Five agents. Five API keys. ANTHROPIC_API_KEY for Claude. OPENAI_API_KEY for Codex. GOOGLE_API_KEY for Gemini. DASHSCOPE_API_KEY for Qwen. OPENCODE_API_KEY for OpenCode. Each key was a secret. Each key cost money when used. Each key granted access to a specific provider's infrastructure.

The wrong solution was to forward all five keys into every container. Let the container figure out which one it needed. Simple, lazy, dangerous. An agent running as Claude would have access to the OpenAI key it didn't need. A compromised container would leak all five keys instead of one. The blast radius of a single breach would be everything.

Leash did it the right way. When you ran leash --open claude, Leash looked at the agent name, consulted a mapping table, and forwarded only ANTHROPIC_API_KEY into the container. The other four keys remained on the host, invisible, unreachable, nonexistent from the container's perspective.

leash --open codex forwarded OPENAI_API_KEY and nothing else.

leash --open gemini forwarded GOOGLE_API_KEY and nothing else.

One agent, one key. The principle of least privilege applied to API credentials.

Jay appreciated the elegance when he first read the source code. The mapping was defined in the config file, human-readable, human-editable. You could add new agents, remap keys, define custom environment variables for custom agents. The default mapping was sensible. The overrides were straightforward.

"It's the small things," Jay told Justin during their weekly one-on-one. "Nobody talks about credential forwarding in AI tooling. Everybody talks about prompt engineering and model selection and fine-tuning. But the thing that actually protects you from a thousand-dollar surprise on your API bill is whether the container has access to the right key and only the right key."
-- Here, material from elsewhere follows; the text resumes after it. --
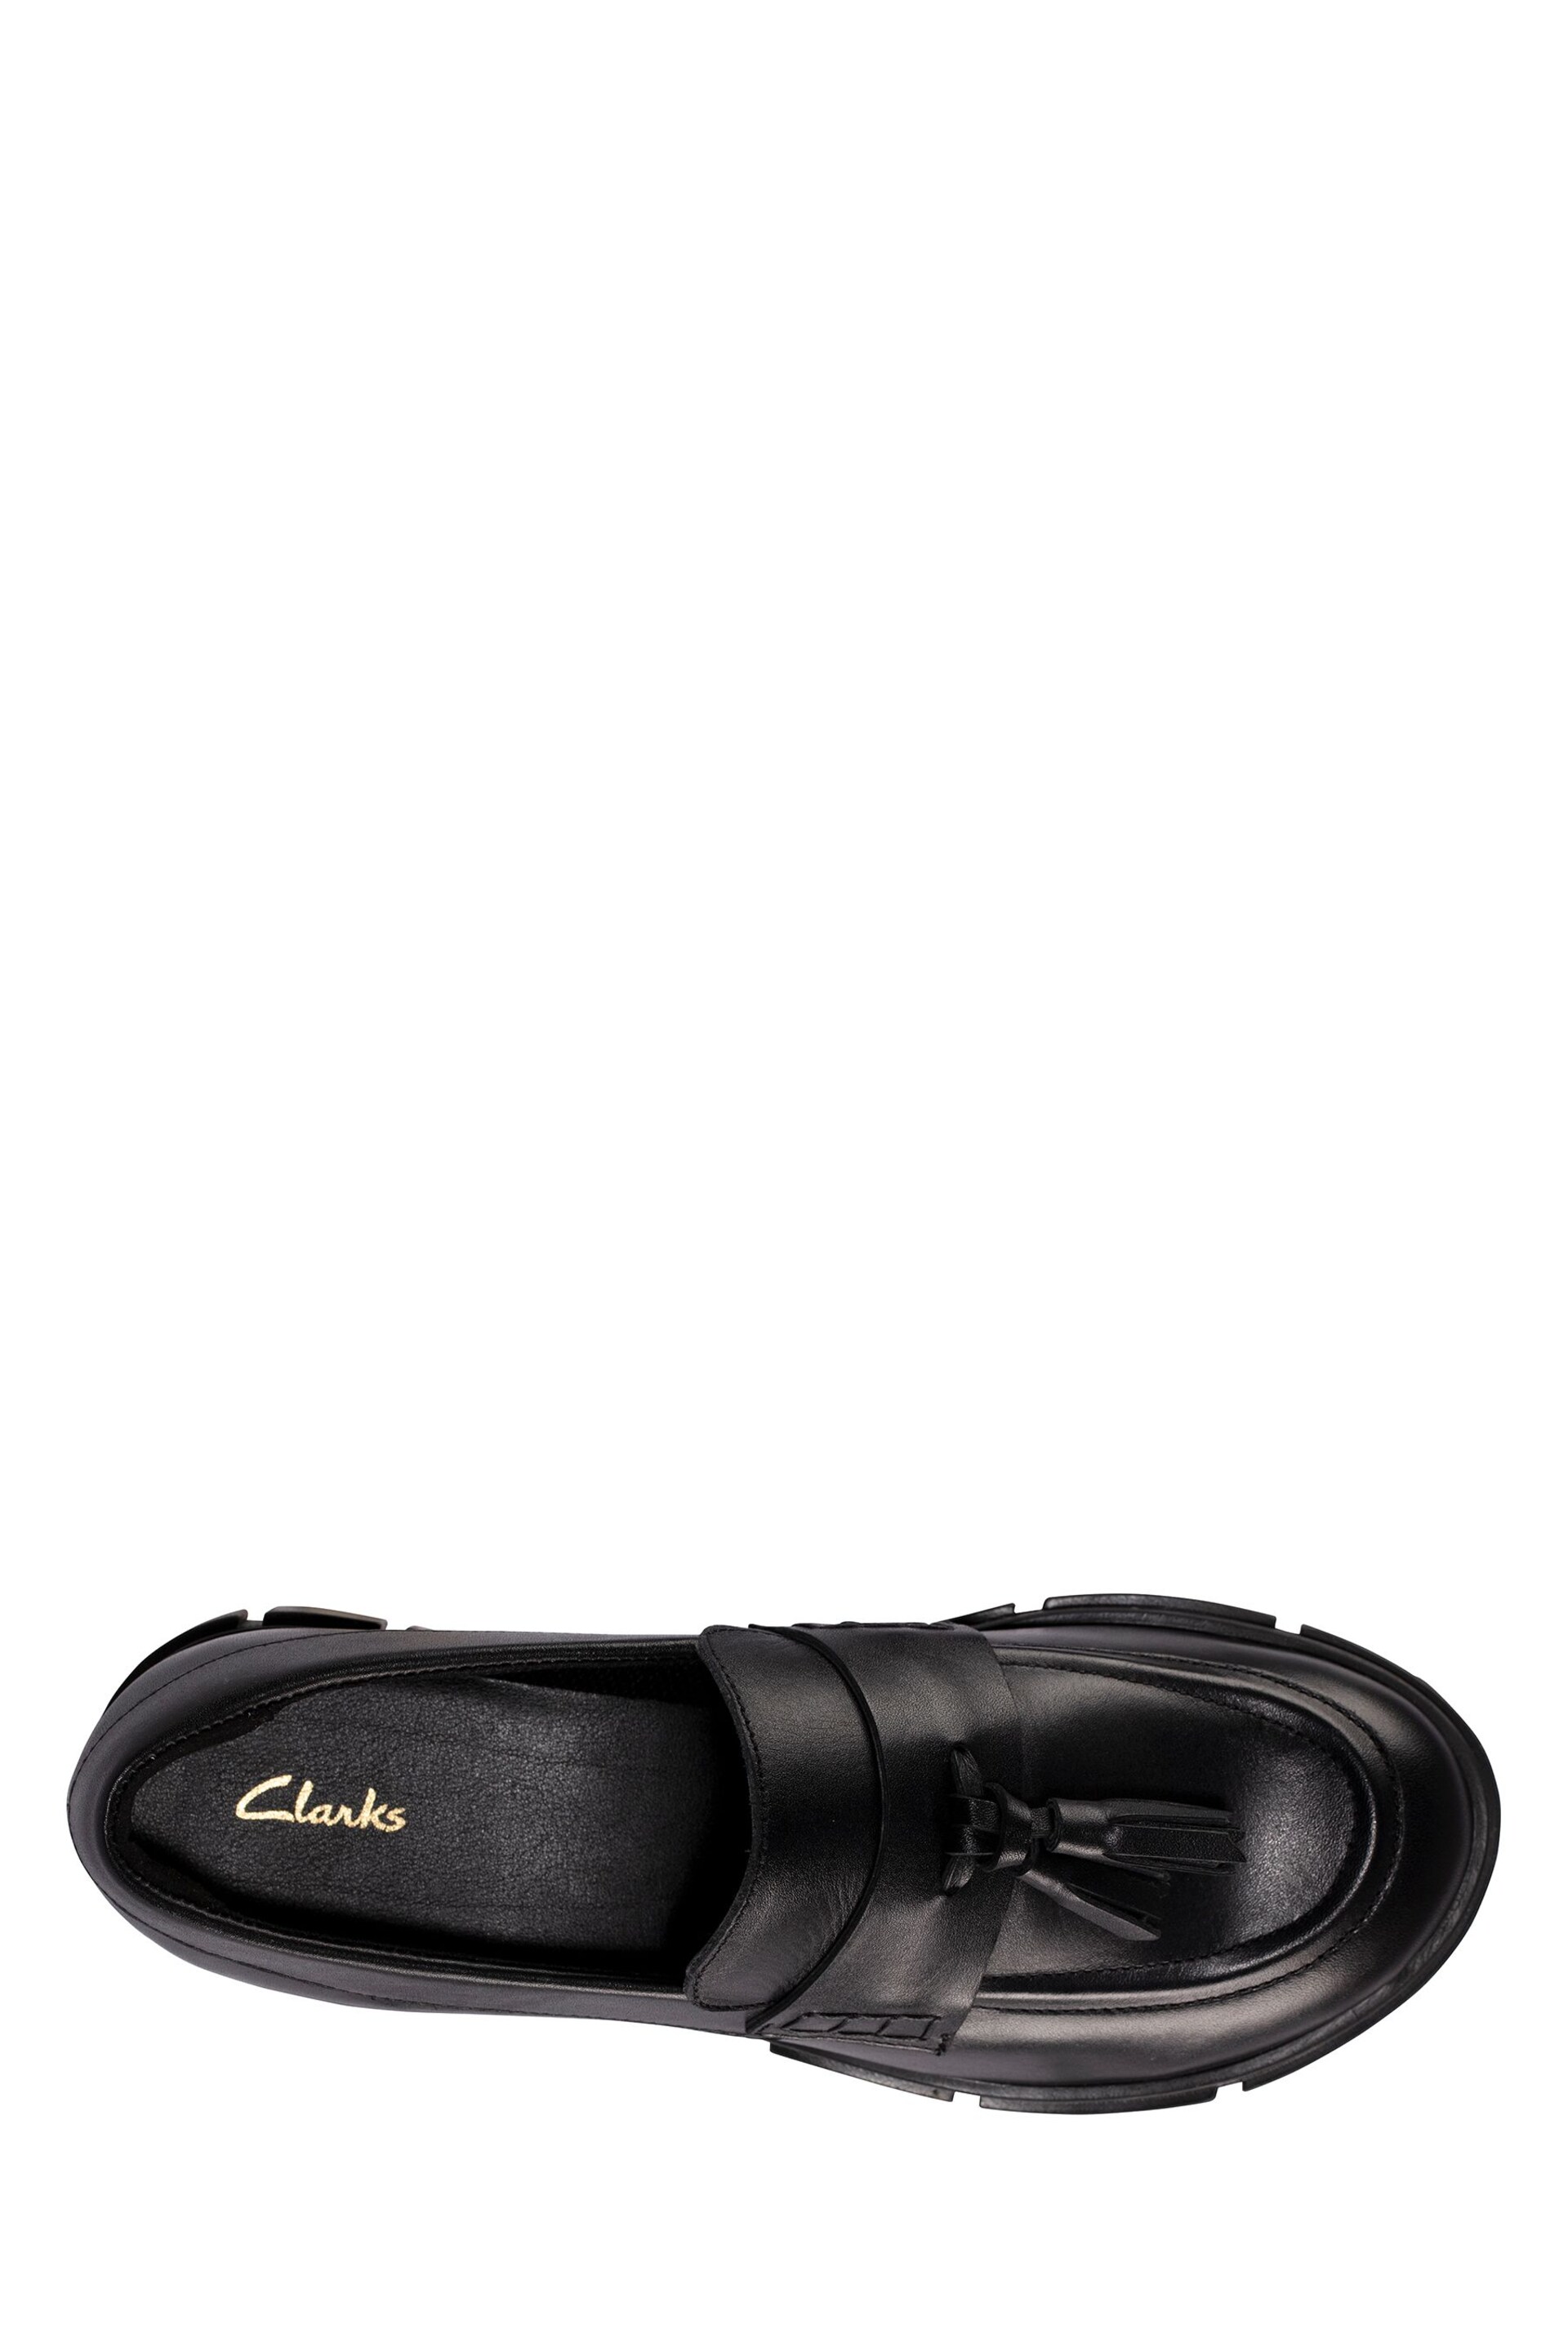 Clarks Black Teala Loafer Shoes - Image 6 of 7

Justin nodded. "Security is the accumulation of small correct decisions. No single one is dramatic. But the aggregate is the difference between a system you can trust and a system you hope works."

Navan had a different appreciation. He liked that the credential forwarding happened automatically, without him having to think about it. When he typed leash --open claude, the right key appeared inside the container as if by magic. He didn't have to remember which environment variable Claude needed. He didn't have to write a shell script to extract and forward it. Leash knew.
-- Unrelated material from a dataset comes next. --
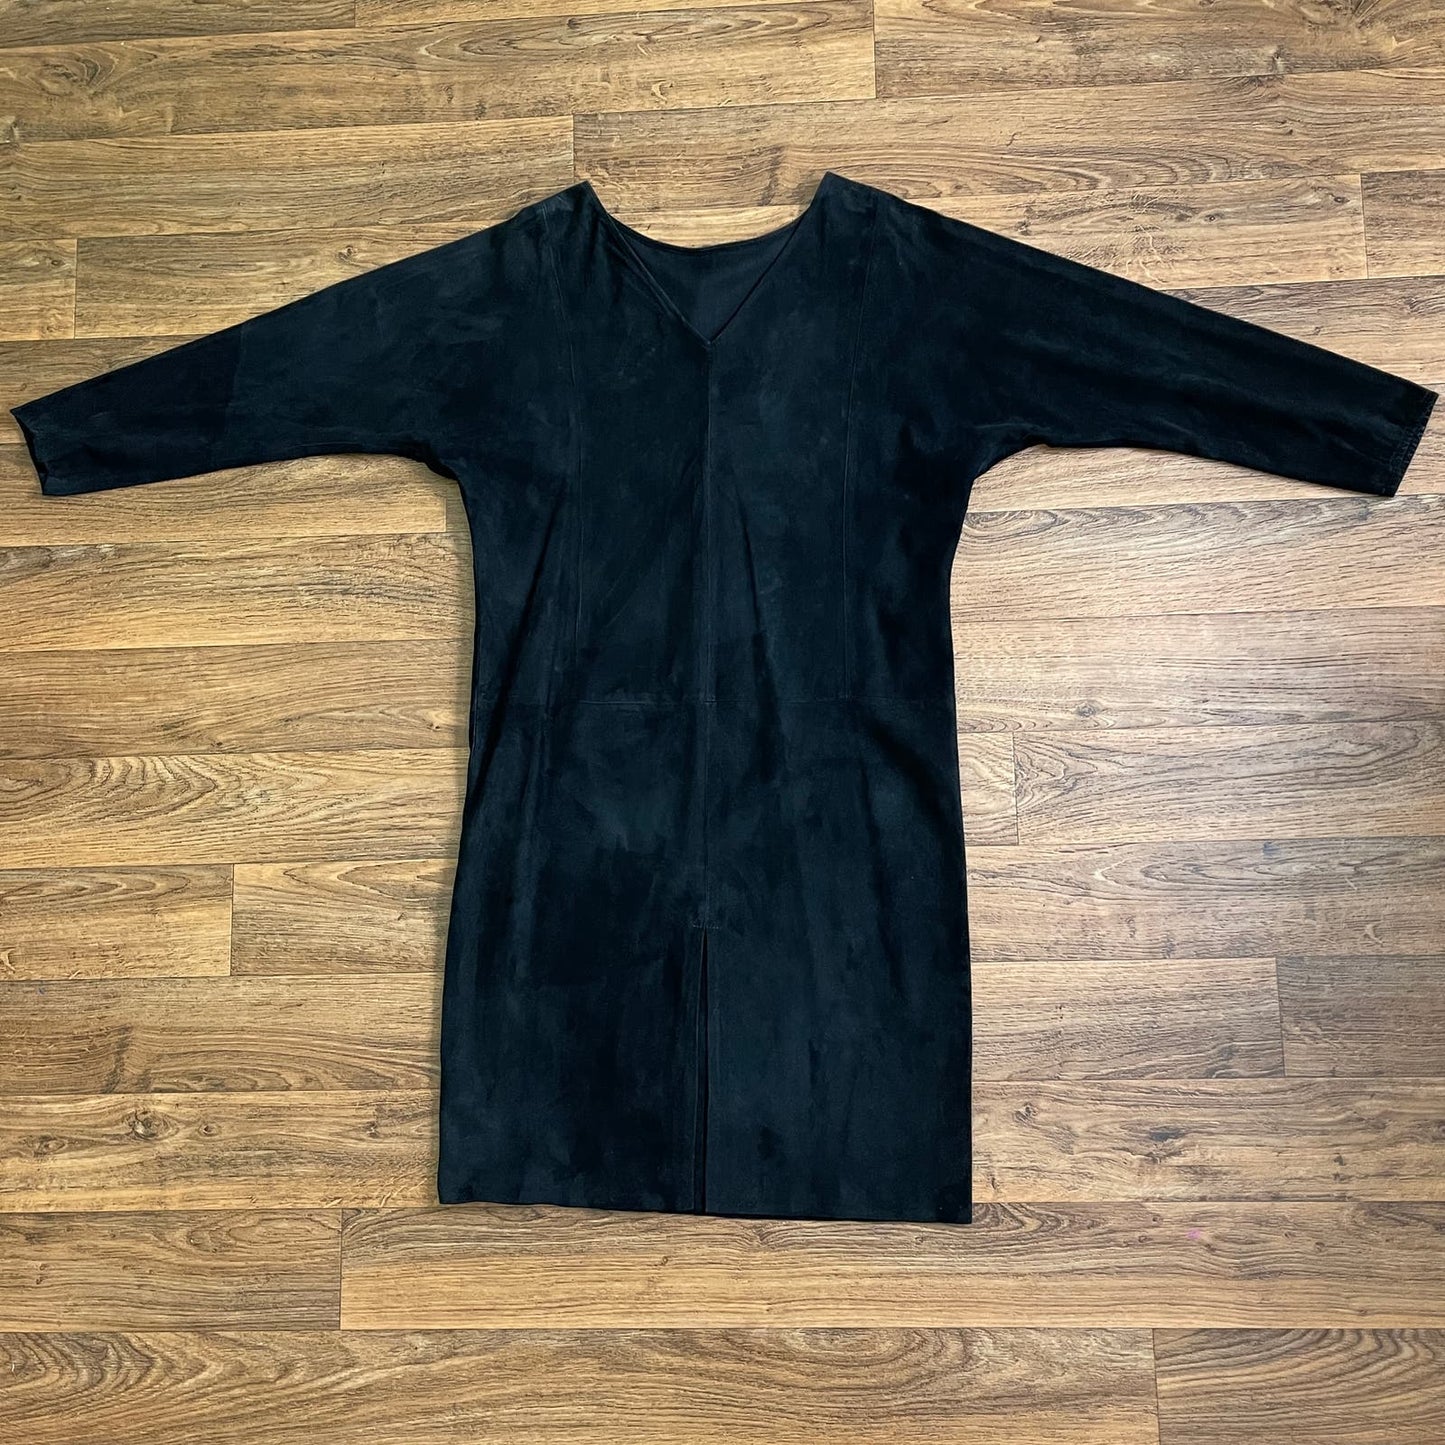 Vintage 90s Black Suede Leather Dress V Back Beaded Design Judith Ann Creations

"It's like a bartender who remembers your drink," Navan said.

"Except the bartender only gives you your drink," Jay replied. "Not everyone else's drink plus yours."

Five agents. Five keys. Five isolated environments. Each one seeing exactly what it needed and nothing more. The credential forwarding was invisible, automatic, and correct. Which, in security, was the trifecta.

Kudos: 61

least_privilege_fan 2026-01-12

The wrong solution being "forward all five keys" is what literally every tutorial does. "Just add all your keys to the .env file!" Leash doing it right by default is a massive improvement.

api_bill_survivor 2026-01-13

"The thing that actually protects you from a thousand-dollar surprise on your API bill." This. This right here. Credential isolation isn't glamorous but it's where the real money gets saved.